Chuffin’s manager, Drippy Peptide, has refused to comment at present although a full statement is expected to be issued by his management team after the Christmas period. Even though he has missed the lucrative festive market, the demand for a follow-up record to his quadruple platinum selling album ‘Hold Your Horses’ released in 2002 is so high that fans have pre-ordered this before it has even gone on the open market.

More news will follow as we hear it.

Avatar Ghostman Pat

Following on from the success of the BBC New Sitcom of the Year 2016 Awards, in which none of the entries won and the BBC decided just to plough a serious amount of bread into yet another series of ‘Mrs Brown’s Boys’, I have been commissioned to come up with some new ideas for that difficult 11-15 age gap that bridges the vast chasm between tiny children in uniforms to unkempt teenagers who can’t get into 18 certificate films at the cinema.

What kind of programming would these sweaty, nautical organisms like to watch on an evening? What would really get their bantwagons pushed up to the high twenties? We need something that is right on the fashions and I believe I have a good starting point. A (bad pun alert) spiritual successor to hugely-loved eighties children’s television programme monster ‘Postman Pat’.

Ghostman Pat

Pat has grown to become not only the nicest person in the history of Greendale but also the most respected due to his dedication to his job and in helping the other residents in their daily lives. He has an idyllic life with his wife and child, and not forgetting dutiful companion Jess the Cat.

Except one traffic accident later leaves Pat dead. Shuffled off this mortal coil.

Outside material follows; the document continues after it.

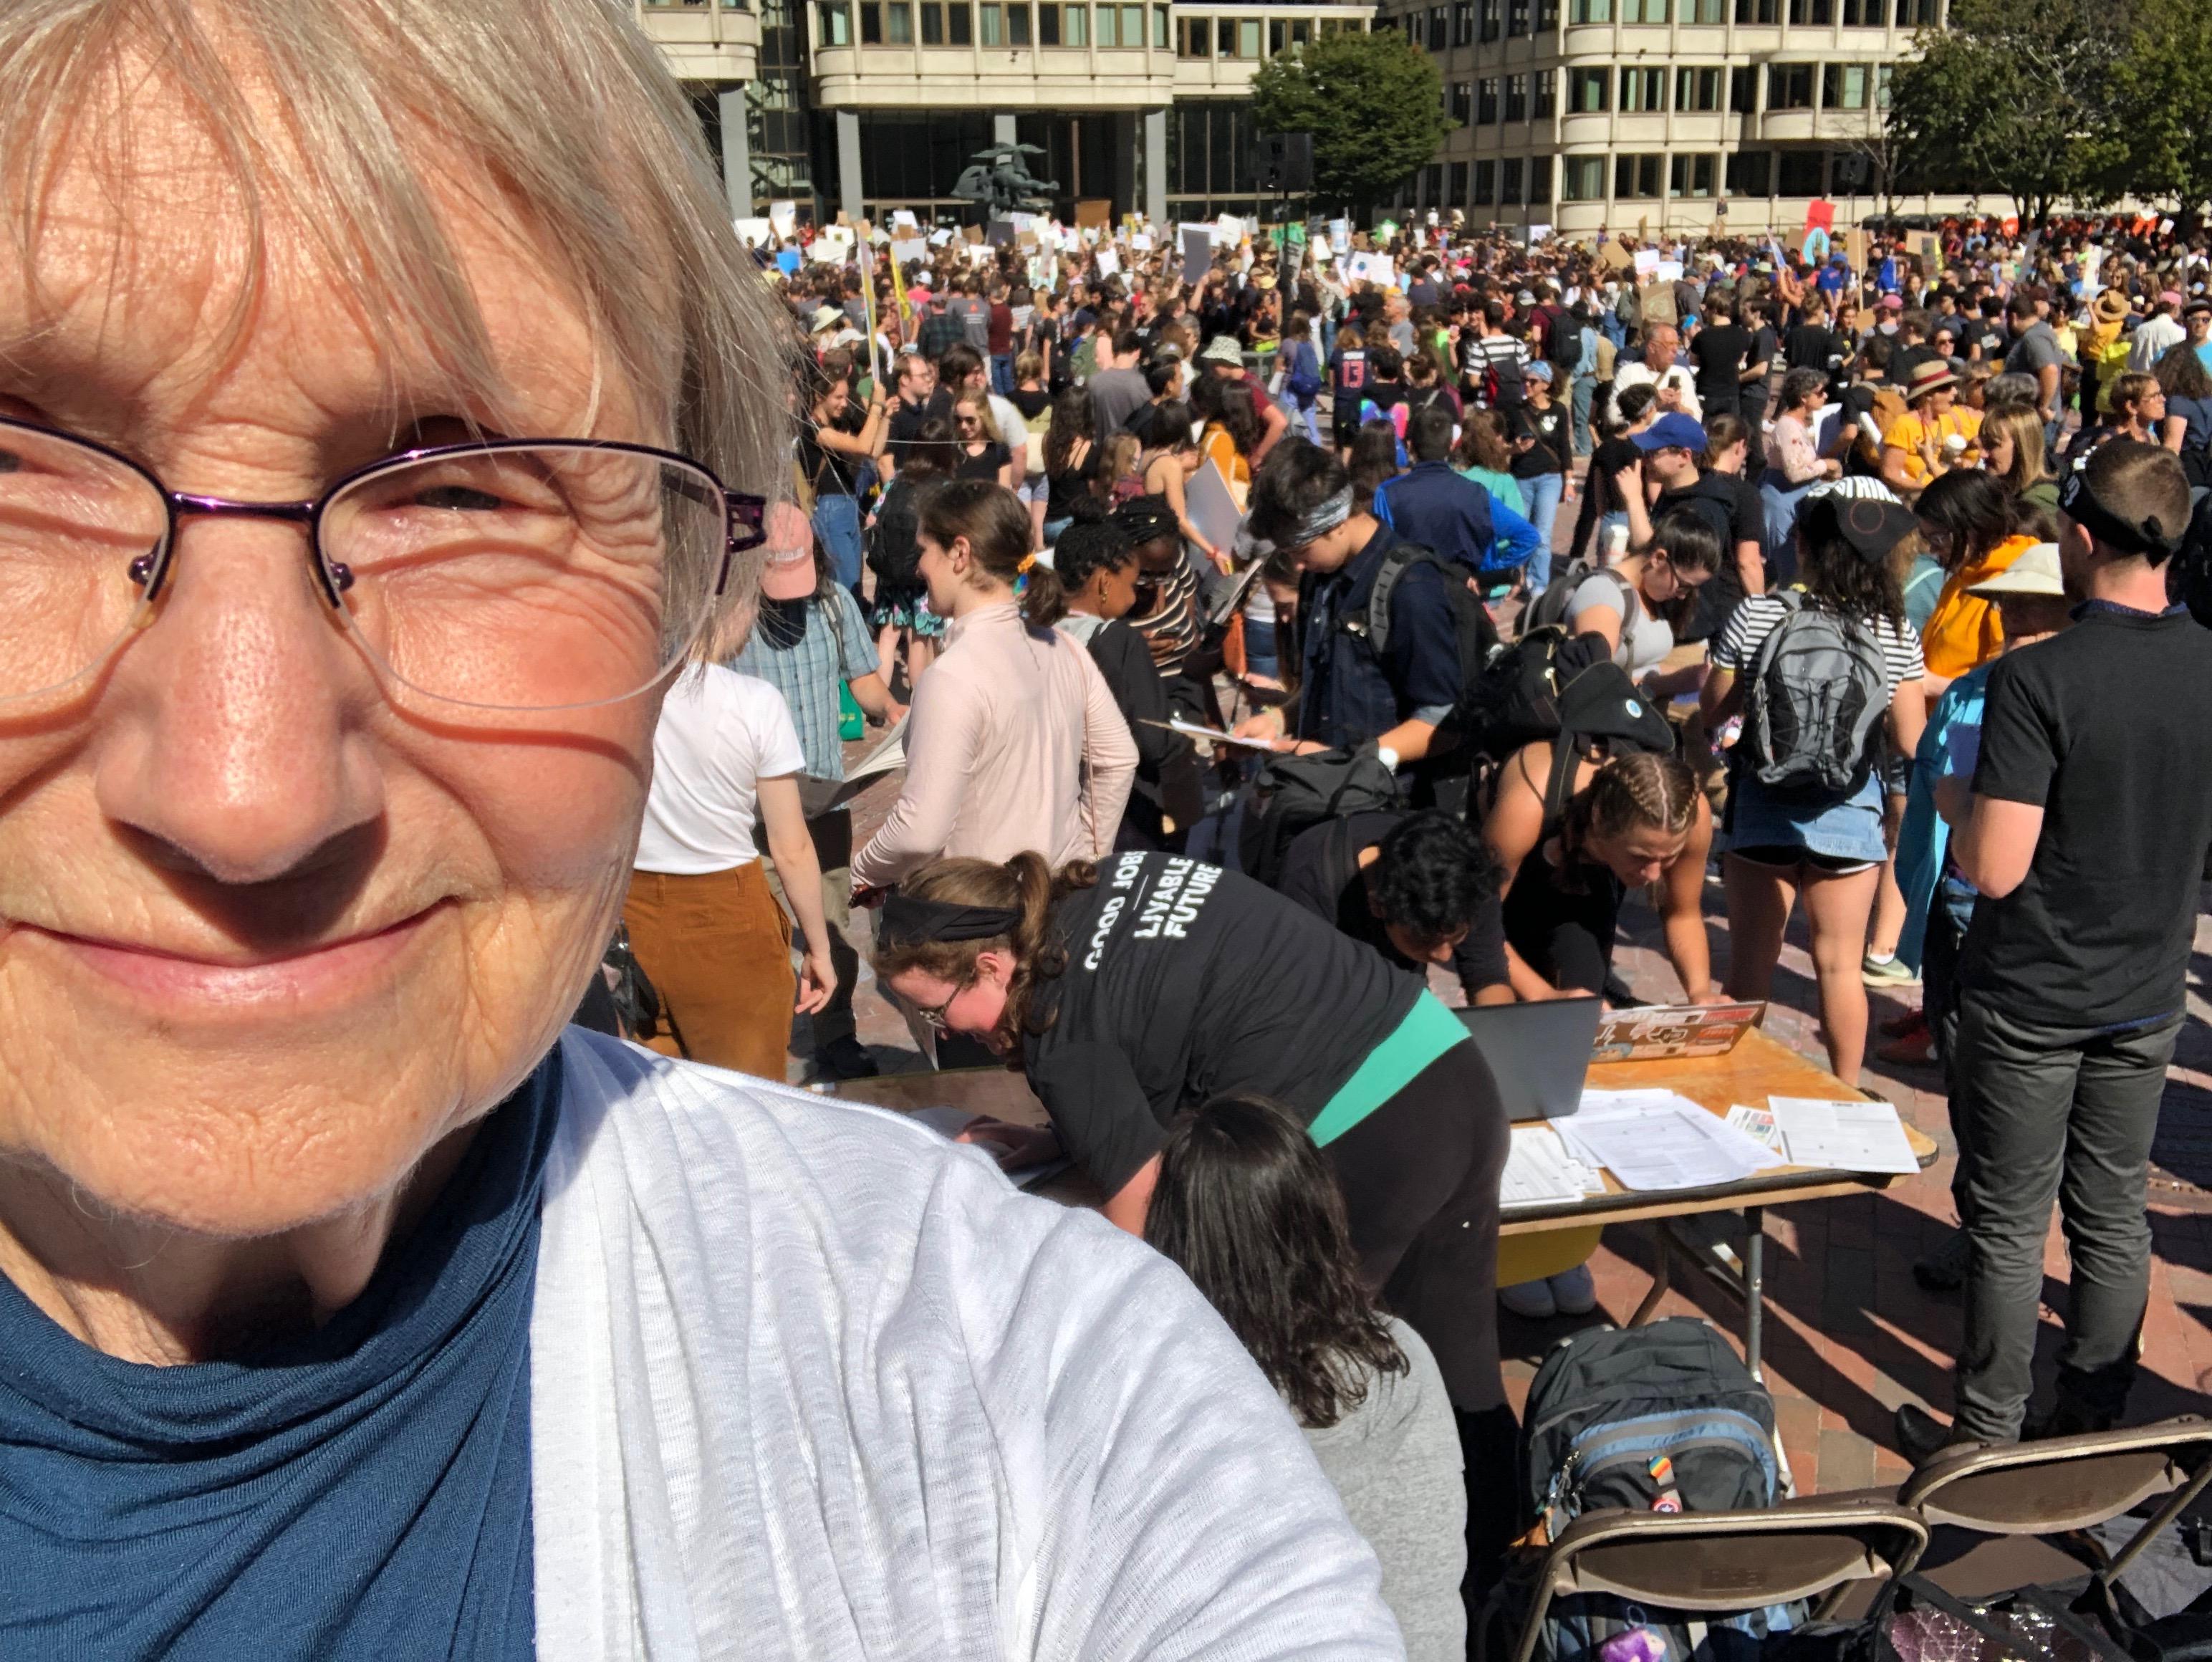 092019-climate-strike-boston

The village engages in a month-long saga of grieving. His wife Sarah, inconsolable, is unable to move on with her life. One evening however, not long after the tragic accident, she is ironing some tea towels when she is visited by an apparition. The apparition of her recently deceased husband. It seems as though Pat is not quite done yet.

Fate has decided that his years of service are not enough. In punishment for the, quite frankly, dreadful Lionsgate film released a couple of years ago Pat must now deliver a total of 1000 parcels before he is able to leave and ascend to heaven, in a story that borrows heavily from Hiroaki Samura’s seminal samurai manga work ‘Blade of the Immortal’.

But how can Pat deliver any parcels when he has no physical presence and only his wife and son, Julian, can see him? It is up to them to help him finish his task and finally leave this world behind.

Along the way they must deal with fruit-polishing vampires, blancmange-toting merengue infidels and, of course, numerous cameos by everyone’s favourite all-round entertainer Gary Wilmot.

Can they succeed? Seven seasons and a TV movie, I think, should answer that question.